JohnHowardReid Movies with a film-making background inevitably gain full attention from me, no matter how woeful their plots, lacking in skill their artistic pretensions, or miserable their production values. It's therefore most pleasing to find such a movie that is absolutely out-of-the-box in all aspects. Fedora ranks as one of the best movies-about-movies ever made. True, the mystery side of the plot is not exactly its strongest point. Although few members of a sophisticated audience would fail to grasp the obvious solution, the writers have neatly anticipated this problem by making the hero so desperate that he literally cannot see the wood for the trees. It's essential that we always remain sympathetic towards the hero, no matter how crass his actions, and this we certainly are as Holden brilliantly takes us through a replay of his role in Wilder's Sunset Boulevard. In what turns out to be the Swanson role, Hildegard Knef is also most compelling, and although Wilder was not happy with her performance, I thought Marthe Keller handled the title part with exactly the right edge of neurotic tension. Ferrer and Sternhagen contribute memorably forceful characterizations. Wilder's skillful direction is abetted by striking color photography from Gerry Fisher and a stirringly atmospheric Miklos Rosza score.

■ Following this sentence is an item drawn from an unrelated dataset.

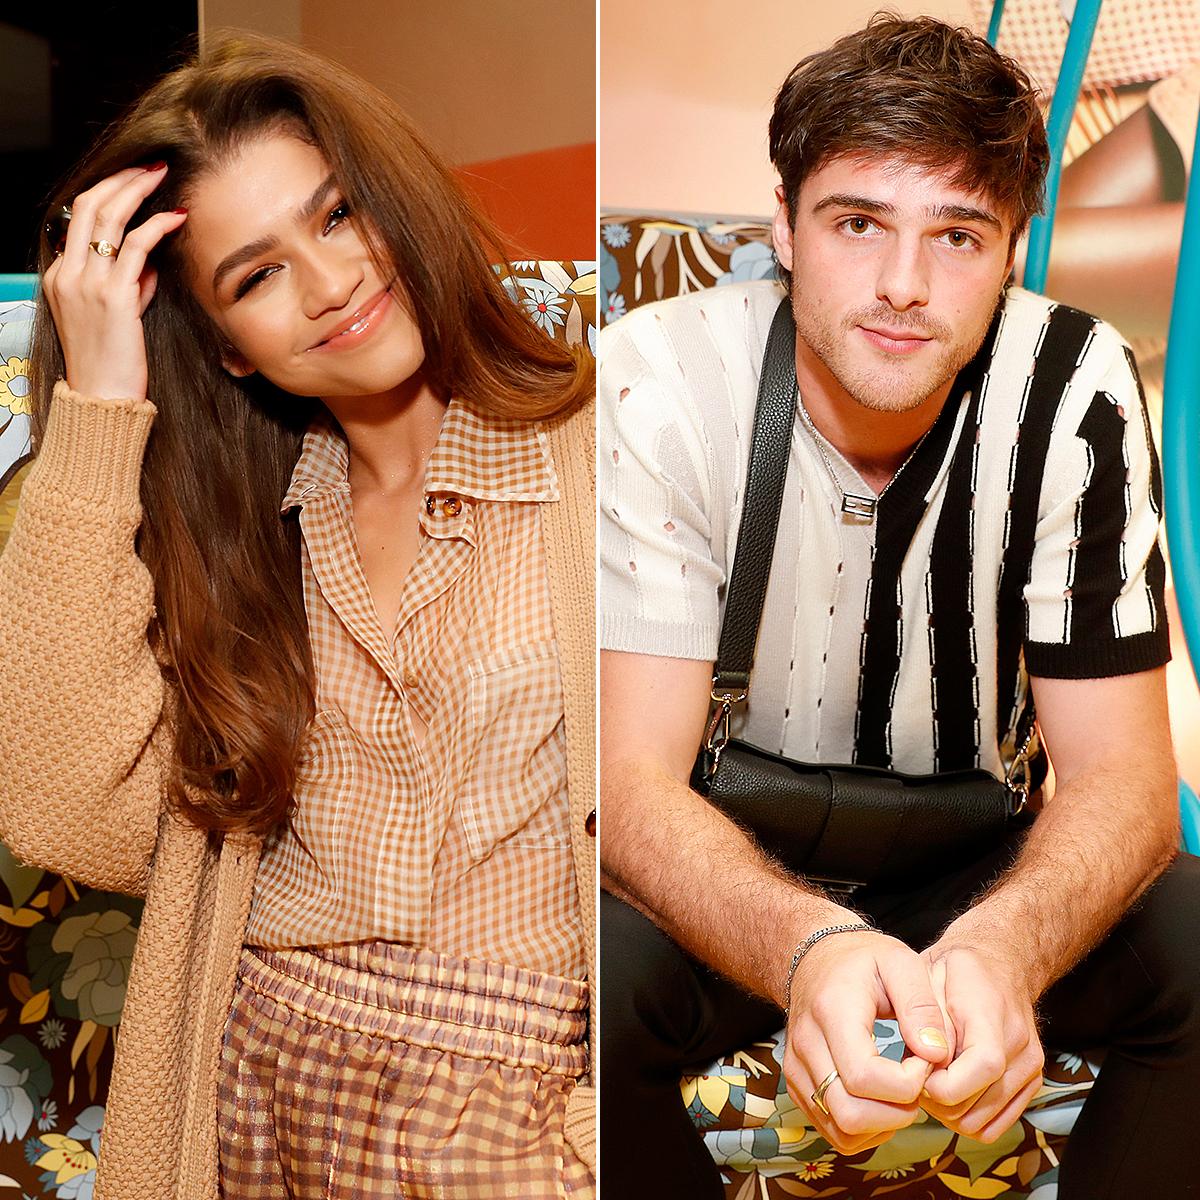 Zendaya-and-Jacob-Elordi-dating

writers_reign For Wilder buffs - and what serious film fan isn't - his penultimate film is a referentialists dream. The setting, Corfu, is not a million miles from Ischia, the setting for Avanti and where Avanti boasted two stiffs Fedora boasts one in a literal sense and one in a symbolic sense. The casting of Bill Holden in the lead invites direct comparison with Sunset Boulevard where a young Holden (Joe Gillis) lucked into an ageing movie star by chance and exploited the situation to the full; here, an older Holden (Barry Detweiler) contrives to get next to an ageing movie star who, he hopes, can rescue his flagging career. Wilder manages some pertinent barbs at the 'new' schools and practitioners of film-making, makes some risible casting choices in minor roles - Ferdy Mayne, Michael York, Marte Keller - but generally pulls off another minor gem. Well worth a place in any Wilder DVD collection.

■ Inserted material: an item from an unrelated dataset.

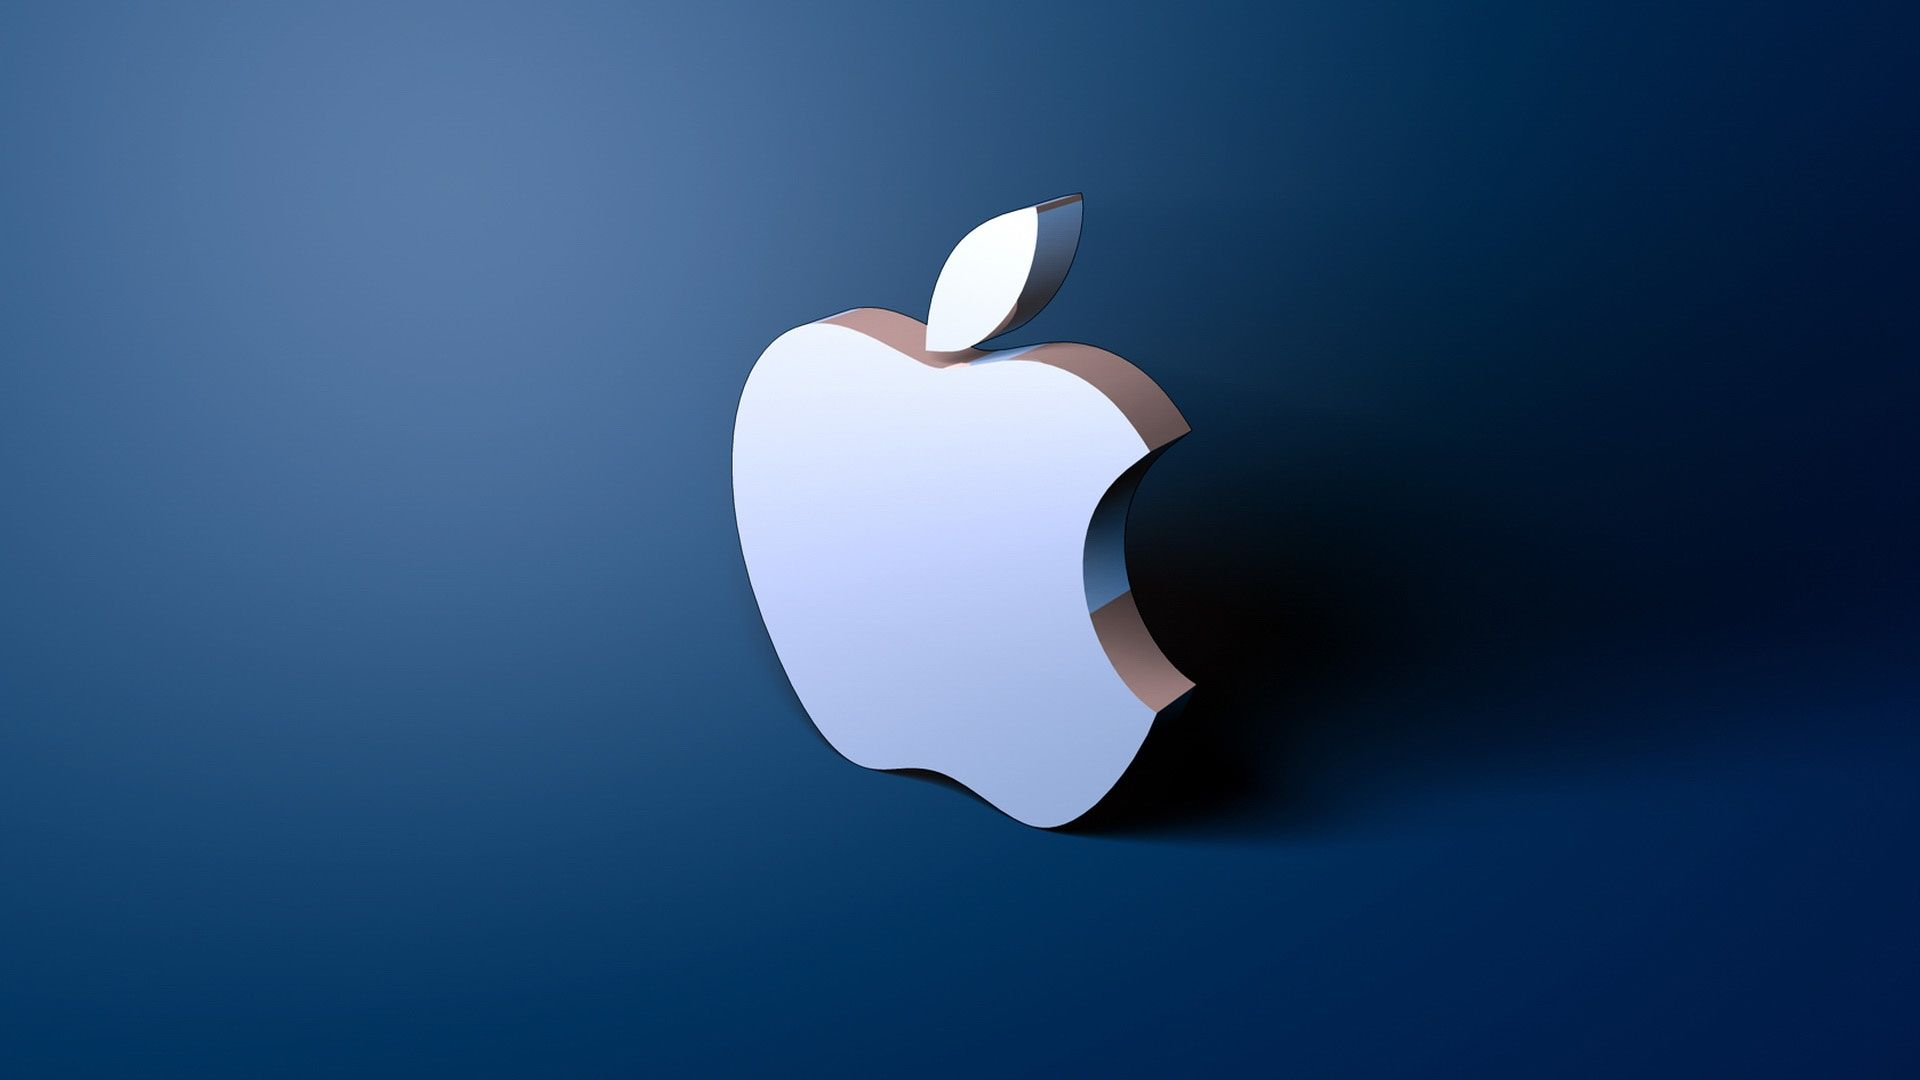 Hd wallpaper macbook - Hd Apple Wallpaper Desktop Wallpapers System Wallpaper Wallpapers Hd For Apple Wallpapers

kennethwright2612 Billy Wilder revisits the territory of his Hollywood Babylon classic Sunset Boulevard, with the same male lead (William Holden) in an almost identical role as a washed-up screenwriter trying to get to a reclusive and mysteriously ageless one-time screen queen in order to pitch her a comeback script. Story elements include Oscar Wilde's Picture of Dorian Gray and (off-screen) the many mad-doctor yarns of the 1930s and 1940s in which Boris Karloff messes about with Things We Were Never Meant To Know. Looks great in a brittle and glitzy 1970s way, as befits its scornfully depicted international-rich-white-trash milieu. Essentially it's a sombre but humanistic sermon on the hopeless worship of physical youth and beauty: as a medieval English writer put it, "who sows hope in the flesh reaps bones". A very relevant film for our narcissistic times, its only big flaw is that it's a mighty chilly piece of work, easier to admire than to love.